EXPOSITION BY C. H. Spurgeon

1 CORINTHIANS 10:1-13.


 Verses 1-4. Moreover, brethren, I would not that ye should be ignorant, how that all our fathers were under the cloud, and all passed through the sea; and were all baptized unto Moses in the cloud and in the sea; and did all eat the same spiritual meat, and did all drink the same spiritual drink: for they drank of the spiritual Rock that followed them; and that Rock was Christ.
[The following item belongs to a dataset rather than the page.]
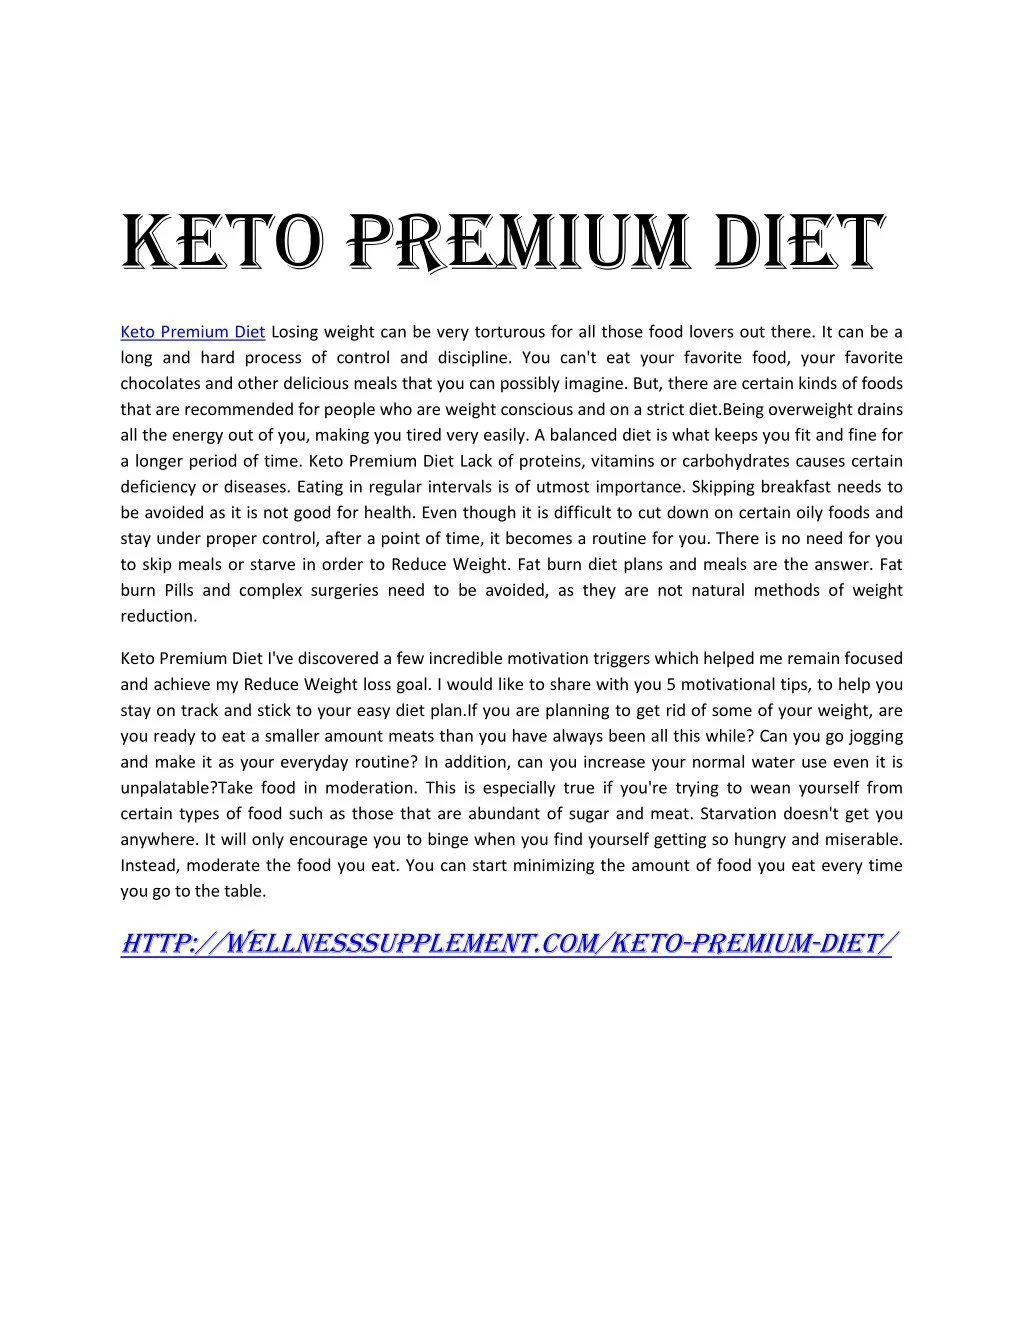 keto premium diet

    You see, then, dear brethren, that the possession of privileges is not everything. Paul would not have us to be ignorant that all those who were with Moses in the wilderness had privileges of a very high order. Did they not all pass through the Red Sea, and so escape from their powerful and cruel foes? Did they not all drink of water which gushed forth from the flinty rock? Were they not all fed with manna from heaven? Yet their privileges did not save them, for while they had the five privileges mentioned in these four verses, they fell into the five great sins of which we are about to read; and so, their privileges, instead of being a blessing to them, only increased their condemnation.
    5, 6. But with many of them God was not well pleased: for they were overthrown in the wilderness. Now these things were our examples,—
    Or, warnings, for just as they were overthrown in the wilderness, so may we be, notwithstanding all the gospel privileges which we enjoy, if we are not true believers in the Lord Jesus Christ. If the life of Christ is not in our souls, all the privileges of the Church of God cannot save us. "These things were our examples,"—
    6-11. To the intent we should not lust after evil things, as they also lusted. Neither be ye idolaters, as were some of them; as it is written, The people sat down to eat and drink, and rose up to play. Neither let us commit fornication, as some of them committed, and fell in one day three and twenty thousand. Neither let us tempt Christ, as some of them also tempted, and were destroyed of serpents. Neither murmur ye, as some of them also murmured, and were destroyed of the destroyer. Now all these things happened unto them for example;—
    The apostle has told us that before, but he tells it to us again, to warn us, by these beacons, lest we come to a similar destruction to that which befel those ancient unbelievers.
    11, 12. And they are written for our admonition, upon whom the ends of the world are come. Wherefore let him that thinketh he standeth take heed lest he fall.
    We also are to take heed lest we fall, especially those of us who think we are standing securely. You have seen how terrible was the fate of those unbelievers in the wilderness, who never entered into Canaan, but left their carcases in the desert; now Paul urges us, with such beacons to warn us, to take heed lest we also fall as they did.
    13. There hath no temptation taken you but such as is common to man: but God is faithful, who will not suffer you to be tempted above that ye are able but will with the temptation also make a way to escape, that ye may be able to bear it.
    O Lord, fulfill thy gracious purpose unto thy servants! Hold thou us up, lest we fall. We are very weak; keep us, for thy dear Son's sake! Amen.